Percakapan pun kemudian terhenti, dua pasang mata kini menghadap ke langit malam. Seorang ibu dan seorang putra. Mengadakan pesta bintang di dalam keheningan. Mempertemukan realita dan nostalgia.
……
Berkilau adalah satu kata yang tepat untuk bintang Sirius. Datang pada pesta bintang malam ini dengan kesempurnaan kilaunya. Ia tetap menjadi yang paling terang pada langit malam.
Tak hanya malam ini, pada malam-malam sebelumnya ia telah menjadi permata di langit semesta, meskipun ia termasuk bintang kecil seperti matahari kita. Namun karena memiliki massa yang lebih besar, ia menjadi lebih panas dan lebih terang dari matahari kita.
Dan benar dugaan saya, ia menjadi bintang utama di langit malam pada pesta kali ini disebabkan oleh luminositas dan kedekatannya dengan Tata Surya kita.
Tetapi, ada yang menawan hati saya dan membuat mata saya enggan berkedip. Dialah Canopus, bintang paling terang pada Konstelasi Carina di langit Selatan. Menjadi pelita di kegelapan itulah bintang Canopus, bintangnya Kanjuruhan, sebuah kerajaan tertua di Jawa Timur.

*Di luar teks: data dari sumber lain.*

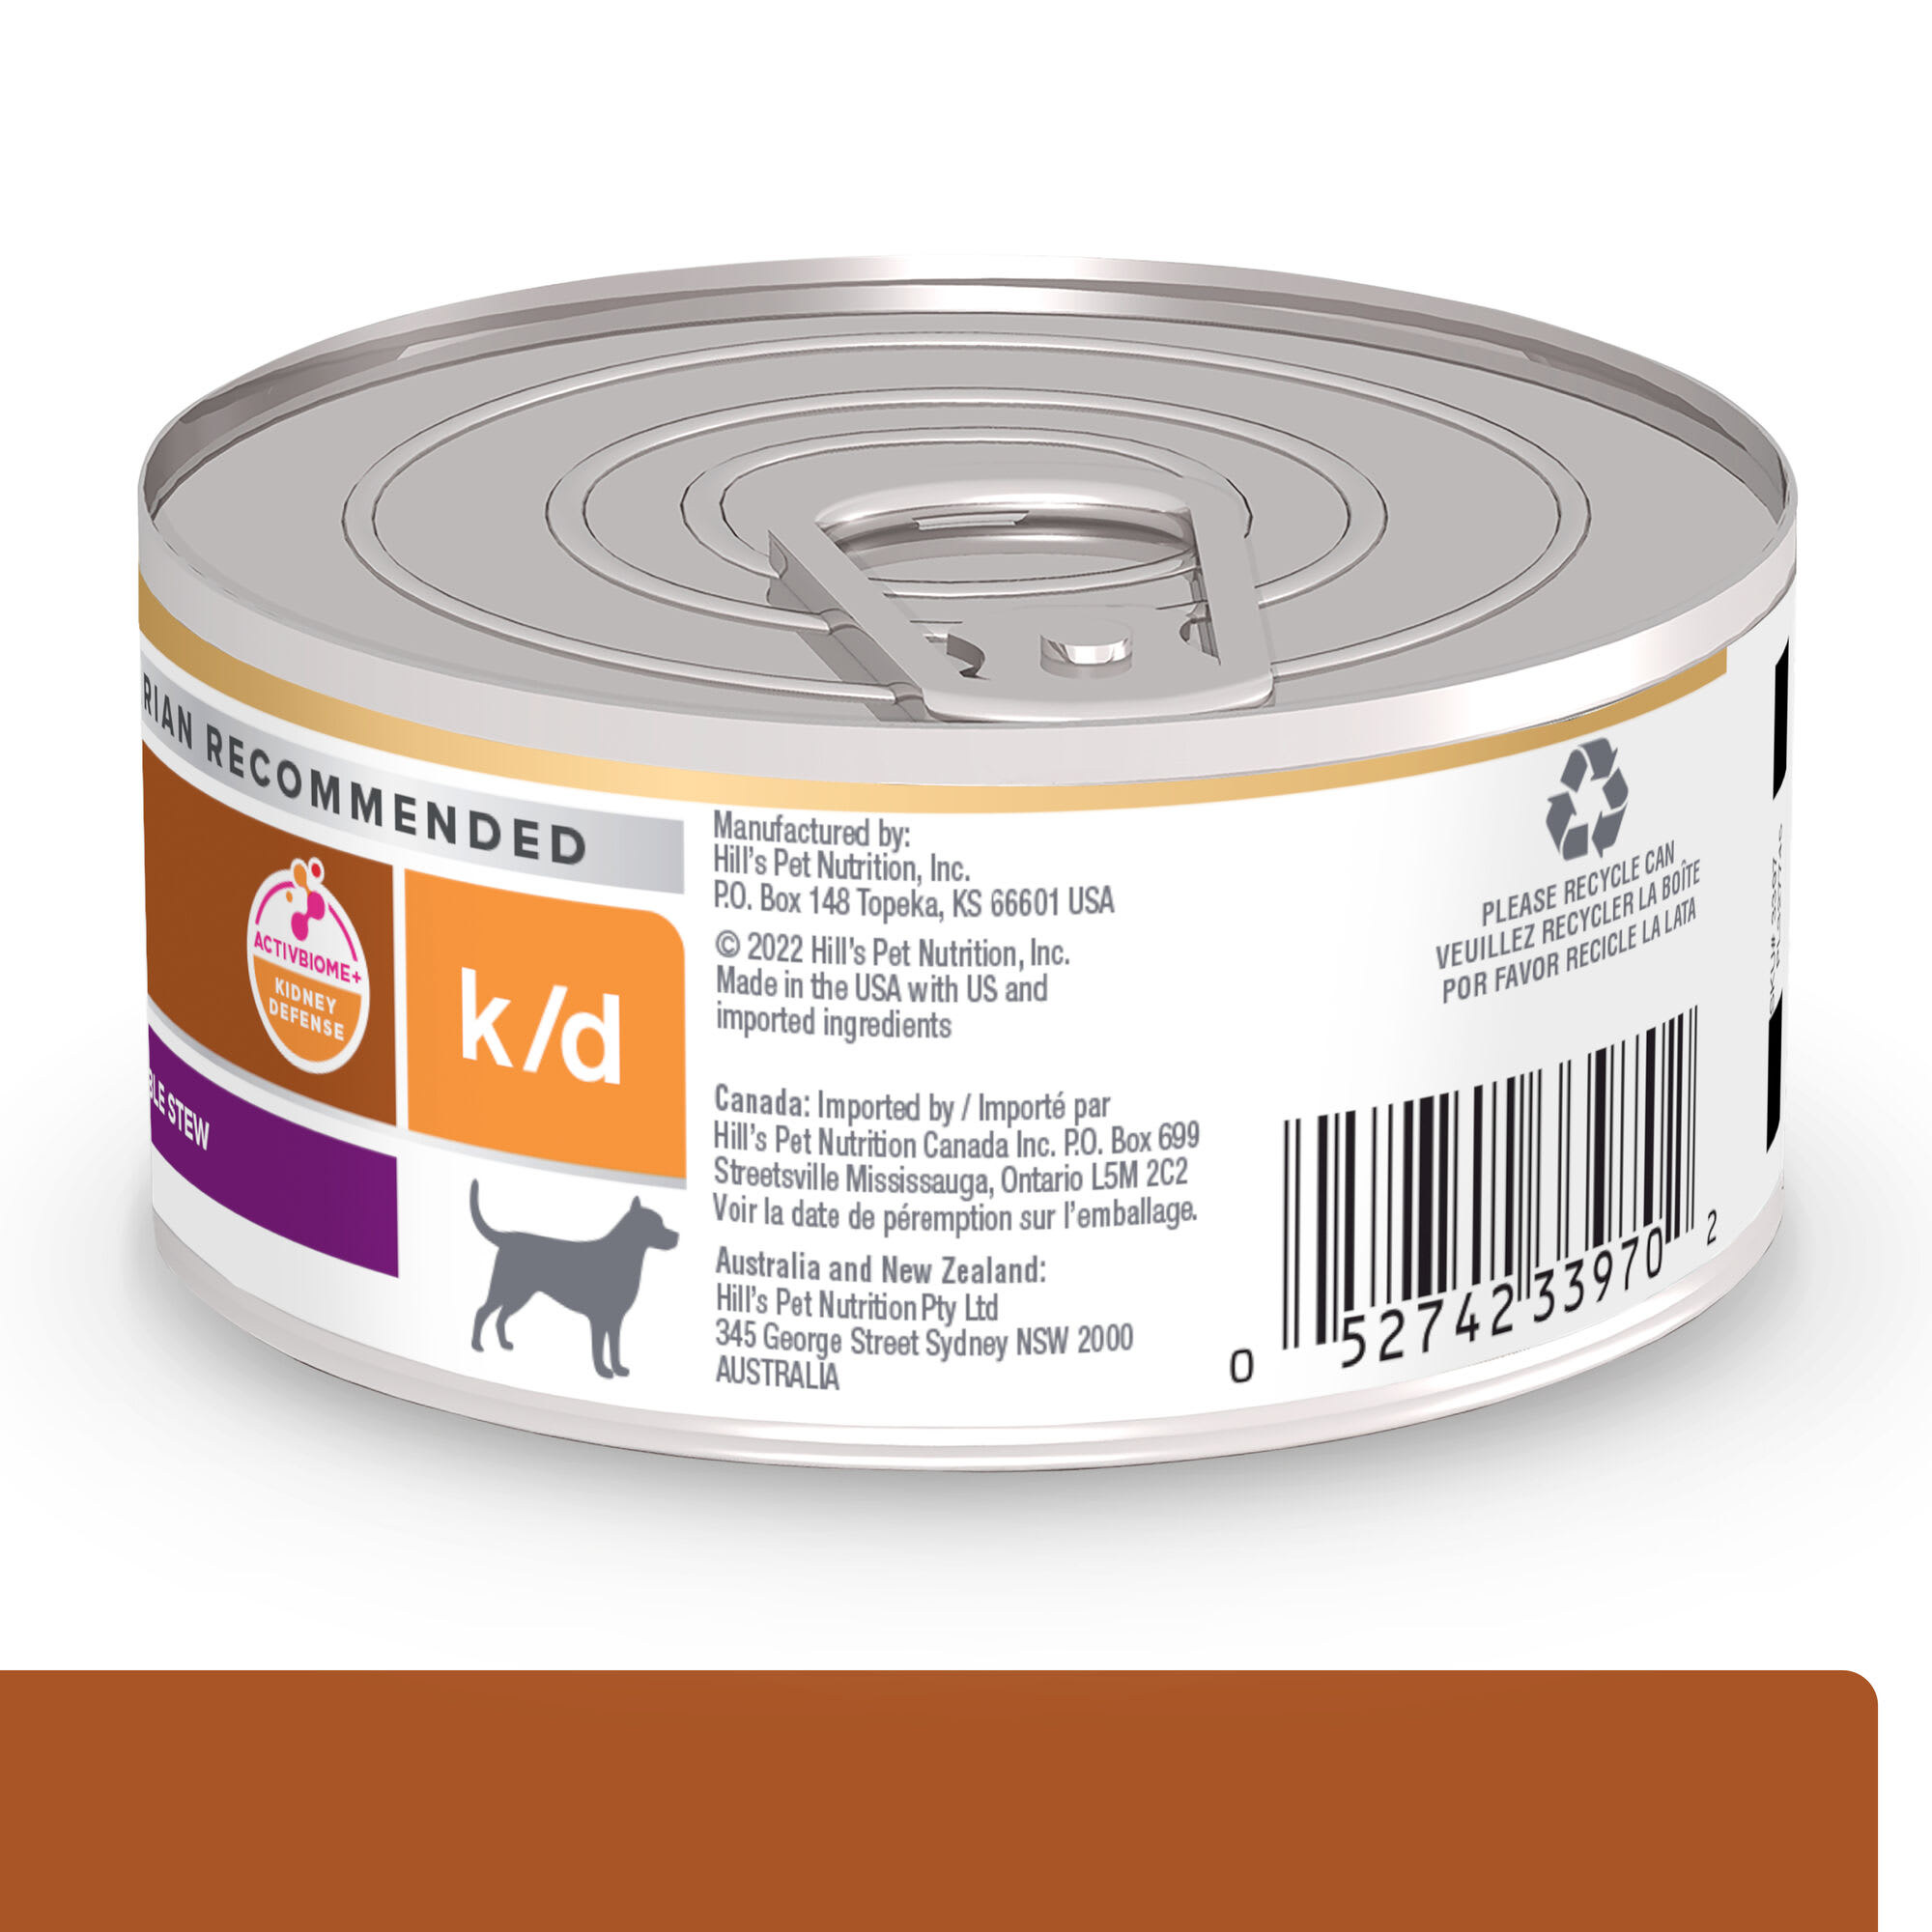 Okkernoot Leugen overhemd Hill's Prescription Diet k/d Kidney Care Beef & Vegetable Stew Canned Dog  Food, 12.5 oz., Case of 12 | Petco
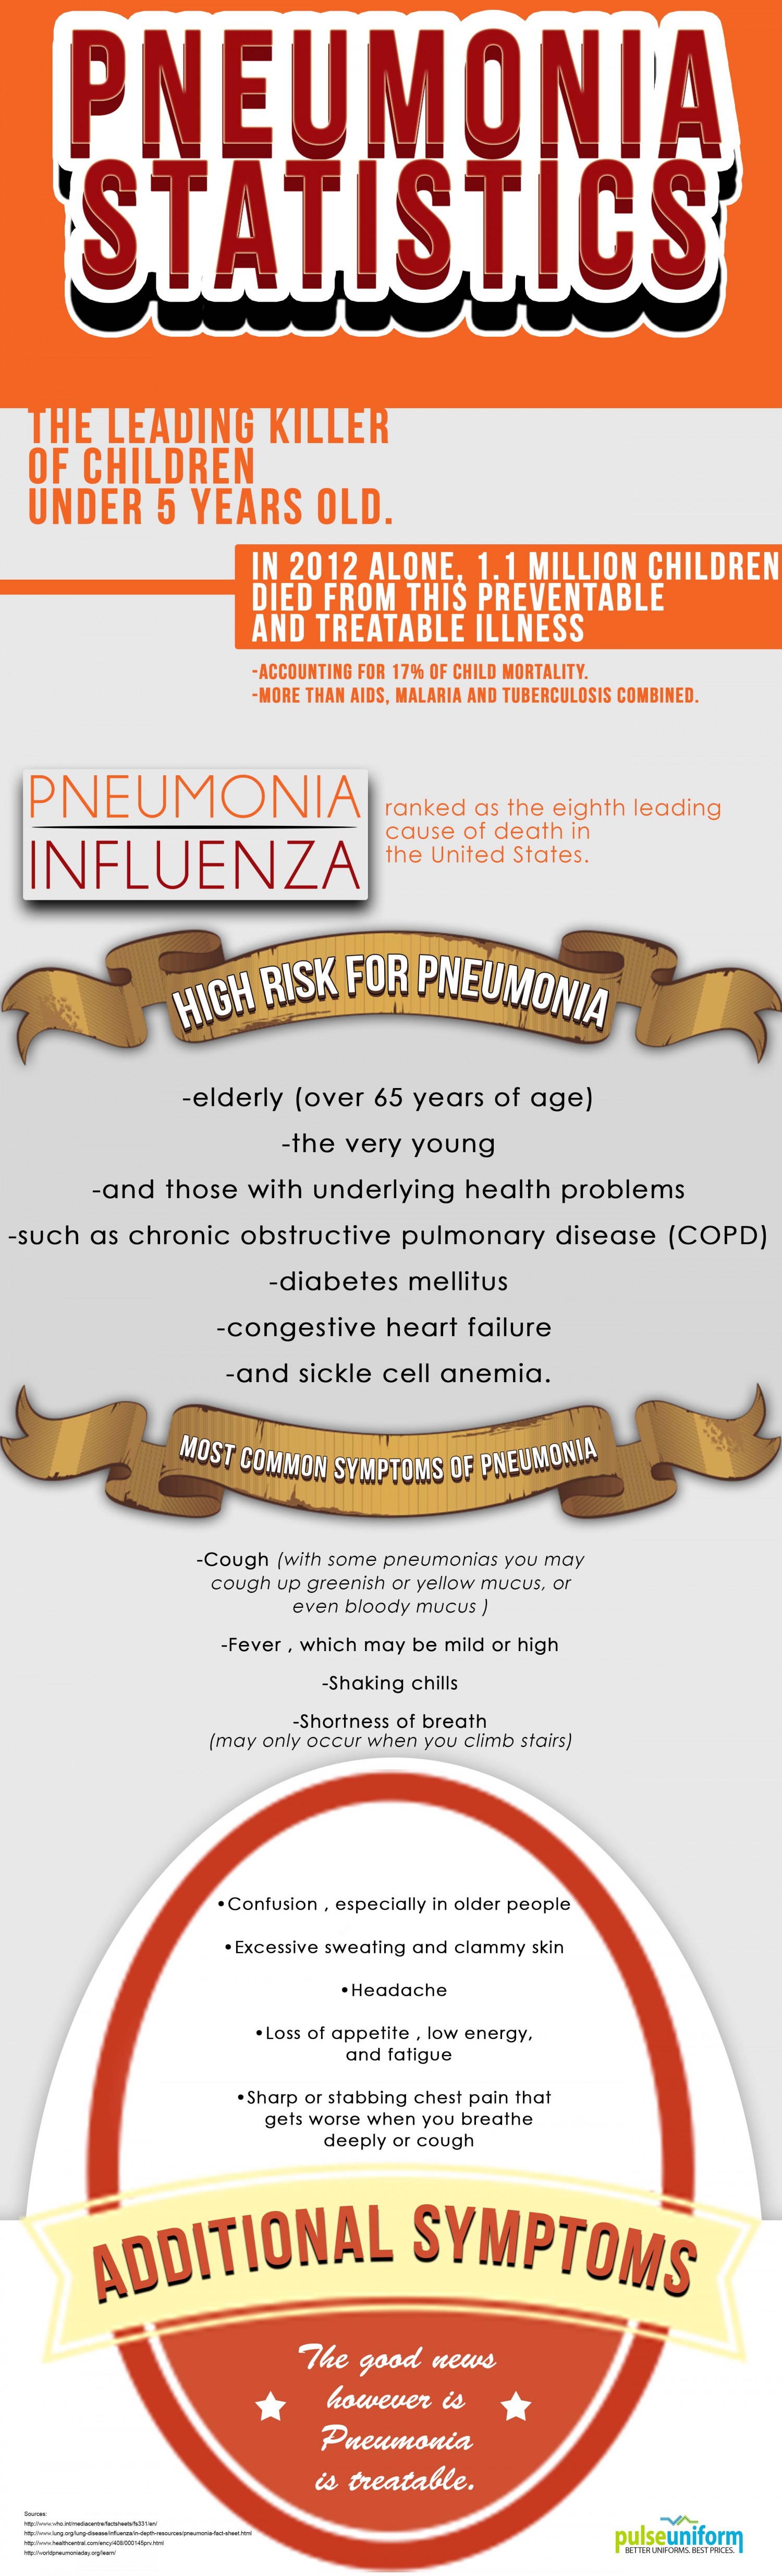 Pneumonia Facts

Karena pada masa kerajaan ini, memang ada sebuah candi, bernama Candi Badut yang berasal dari bahasa Sanskerta yakni Bha dyut yang memiliki arti sorot Bintang Canopus atau sorot Agastya, seorang bijaksana Weda yang dihormati.
Canopus benar-benar bersinar terang di antara bintang-bintang lainnya, karena tak ada satu pun bintang yang mengalahkan terangnya pada langit malam kecuali Sirius meskipun jaraknya sangat jauh, berlokasi pada 310 tahun cahaya dari Matahari. Tentu saja itu sangat masuk akal dikarenakan ia adalah bintang raksasa, sangat terang dengan warna kuning-putihnya.
Beranjak dari Konstelasi Carina, pandangan mata saya tertuju pada rasi bintang Sentaurus. Di rasi ini, Alpha Centauri adalah bintangnya karena ia yang paling terang di antara bintang-bintang lainnya.
Meskipun tampak sendirian, Alpha Centauri sejatinya adalah sistem tiga bintang. Dengan massa lebih besar dari Matahari dan jarak yang paling dekat dengan Tata Surya kita, maka kehadirannya di pesta bintang malam ini tetap memukau meskipun masih kalah terang dari Sirius dan Canopus.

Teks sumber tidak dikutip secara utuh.